- Developer: EA Canada
- Publisher: Electronic Arts
- Platforms: Nintendo DS, Wii
- Release: NA: October 23, 2007; EU: November 2, 2007; AU: November 8, 2007;
- Genre: Sports game
- Modes: Single-player, multiplayer

= EA Playground =

2007 video game

EA Playground is a video game for the Nintendo DS and Wii by Electronic Arts. The game is inspired by Wii Sports.

== Gameplay ==

The Wii game features various mini-games structured around a singleplayer "campaign" and a multiplayer party mode. All of the mini-games are based on well known playground games. These include Dodgeball, Tetherball, Slot car racing, paper airplane racing, dart shootout and wall ball. Also included is "Kicks", which is a mix of the sports Soccer and Volleyball (Sepak takraw). More games can be unlocked by progressing through the single player campaign.

The Nintendo DS version of the game includes several exclusive game modes including Spitballs (which uses the microphone input), Bug Hunt, and Skateboarding which takes advantage of the stylus. Again, the games are unlocked by going through the Single Player Campaign. These games can then be played in the Quick Play mode.

After you complete all the games and dares, you can play the (Gauntlet) a game made by the sticker king, Connor. After you beat him, you unlock the sticker king's sticker showing the player's winning emotion. This emotion can also be seen by winning a tourney in multiplayer. (Only Wii version) you can also unlock the sticker king in multi player.

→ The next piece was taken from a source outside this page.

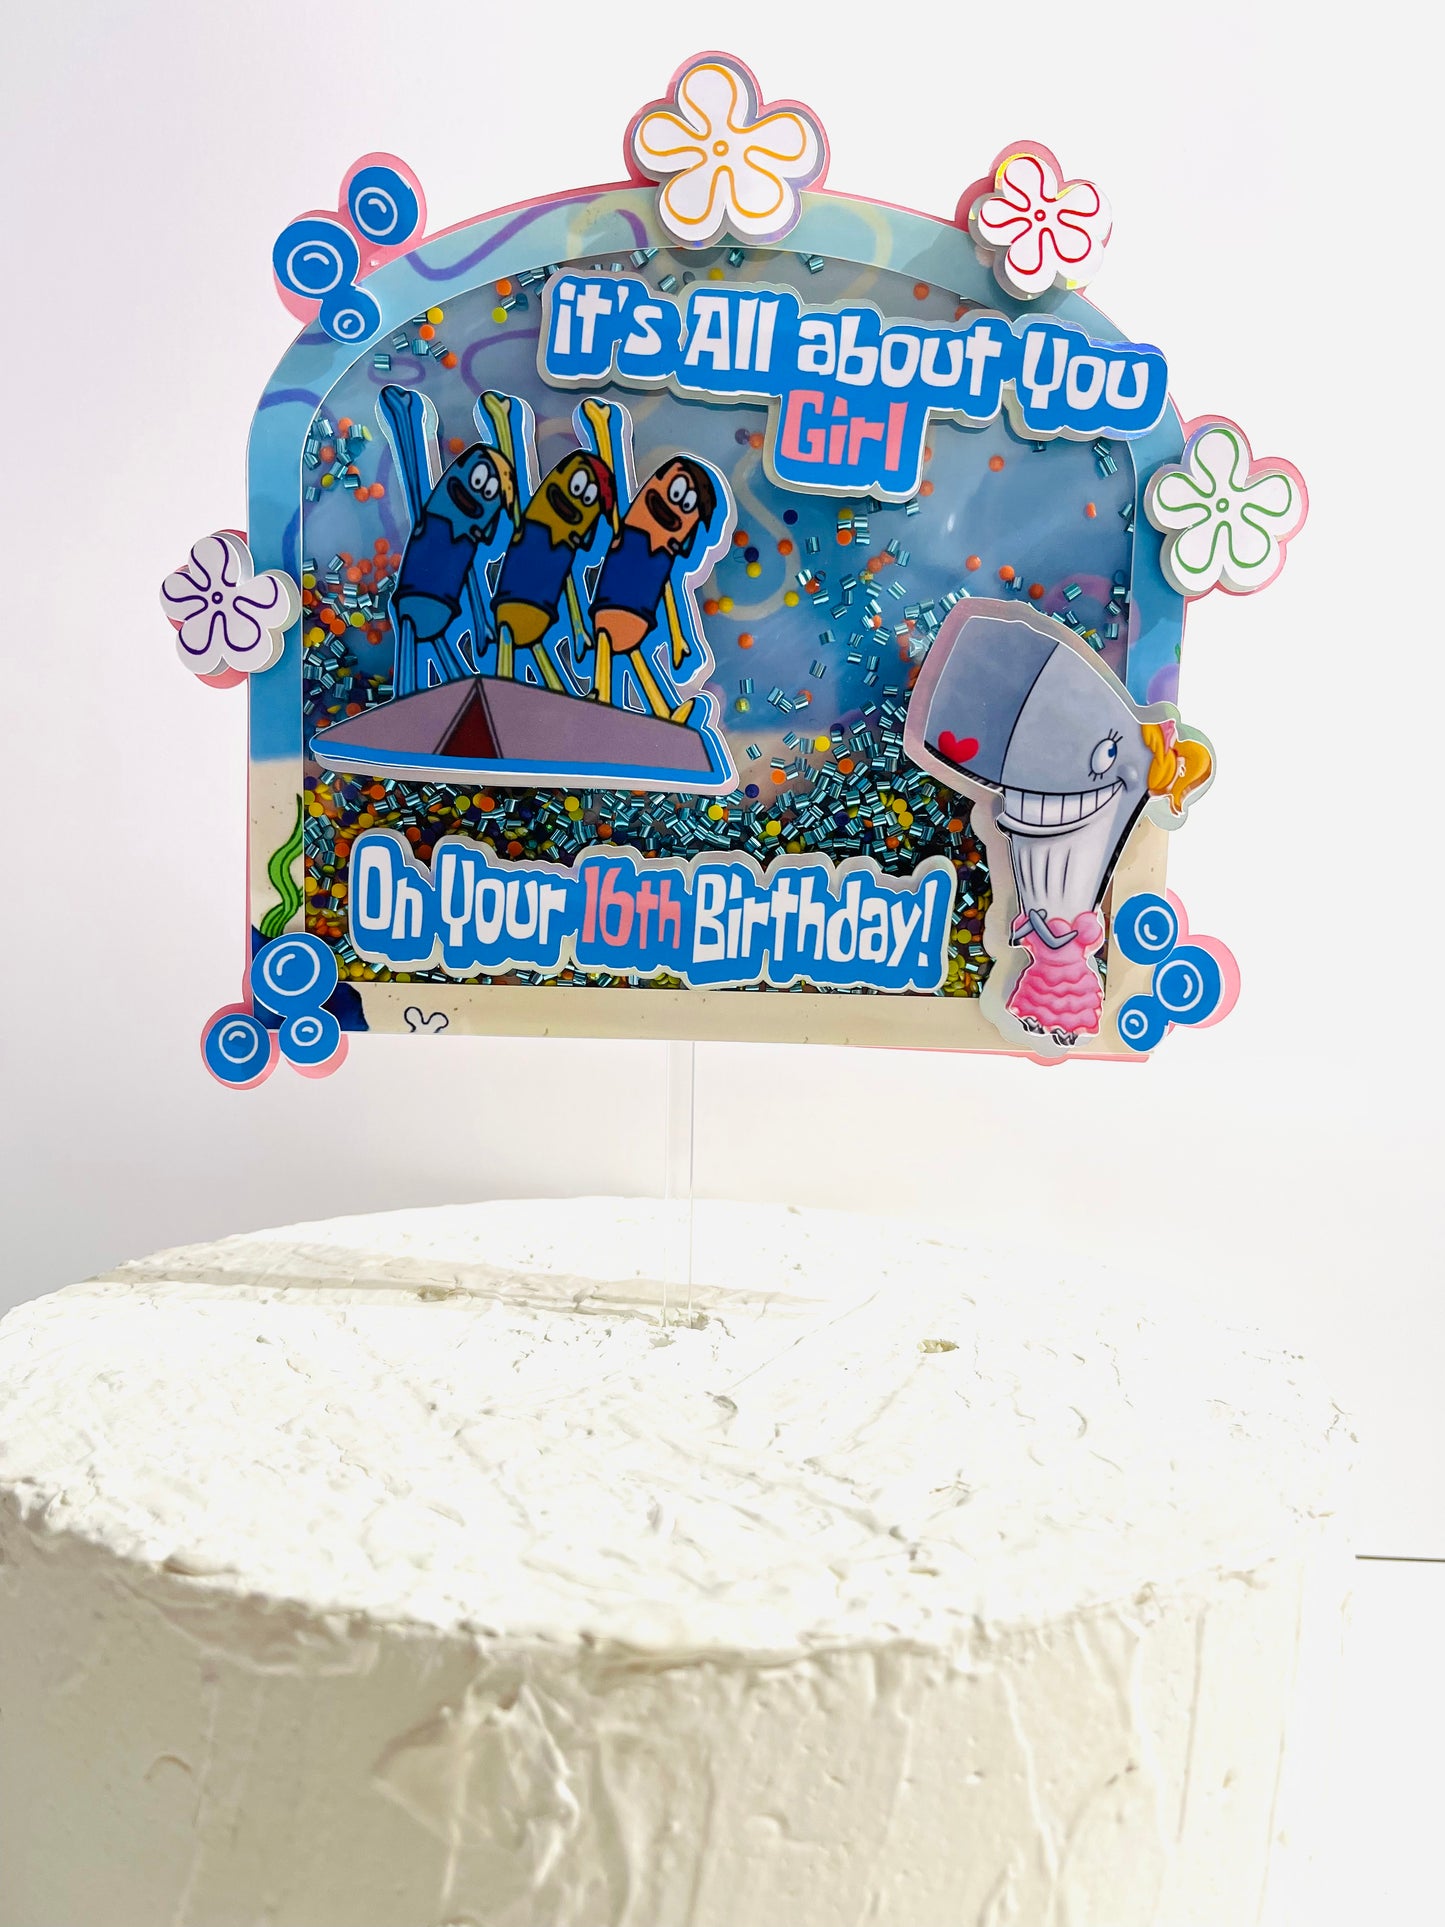 It's all about you girl....on your 16th Birthday Cake topper Shaker

== Included games and version differences ==

Games included in EA Playground
| Title | Wii | NDS | Game description |
|---|---|---|---|
| Dart Shootout | Yes | No | Goal: to shoot the targets with sad/mad faces on them to earn points(not the happy faces; those subtract points), shoot people to also earn points, and beat the level boss. |
| Dodgeball | Yes | Yes | Wii: Goal: to get all the players on your opponent's team out by hitting them with balls. NDS: Using the stylus, you control 3 players on the bottom screen in a game of Dodgeball against AI opponents on the top screen. |
| Kicks | Yes | Yes | Wii: This game is a mix of soccer and volleyball. You have to kick the ball over the net and into the opponent's goal. NDS: Soccer-inspired game against an AI opponent. |
| Paper Racers | Yes | No | Goal: to steer a plane through obstacles to the finish line getting power-ups like speed boosts extra time, and sometimes red, green, and blue rings. |
| Slot Car Racing | Yes | No | Goal: to get to the finish line in first place. |
| Tetherball | Yes | No | Goal: to smack the ball around the pole so that your opponent can't hit it back while your opponent tries to do the same thing. |
| Wall Ball | Yes | No | Goal: to hit the ball against the wall through power-ups (for example, warp holes) so that it goes past your opponent. If you do this, you score a point. |
| Bug Hunt | Yes | Yes | Moving the player with the stylus, collect butterflies and avoid stinging bees for as long as possible. |
| Hopscotch | No | Yes | Rhythm game where you must reproduce patterns on the court. |
| Hoops | Yes | Yes | Pick up balls and throw them in the basket, using score multiplier zones to score higher than your AI opponent. |
| RC Car Racing | Yes | Yes | Top-down racing against 3 AI players. Pickup weapons and turbos on the track. |
| Skate & Sketch | No | Yes | Join the dots with the stylus to perform tricks on the half-pipe. Increasingly complex shapes must be drawn faster as the game progresses. |
| Spit Balls | No | Yes | Blow into the microphone (or use the trigger buttons) to fire spit balls at kids in the playground. |
| Trampoline | No | Yes | Bounce higher than your opponent while avoiding birds and bursting balloons. |

==Reception==
The game received mixed reviews, with the DS version getting slightly better reviews. For the Wii version, IGN gave the game a 6.6/10 rating, saying that it was a passable effort to emulate Wii Sports, praising the marble and stickers system to upgrade abilities along with its presentation, but criticizing the game for its lack of a mini-game as fun or addictive as the Wii Sports ones were. They also gave the DS version a 7.0/10, stating that it was slightly better than the Wii version and that it would appeal better to younger gamers due to it being on the DS.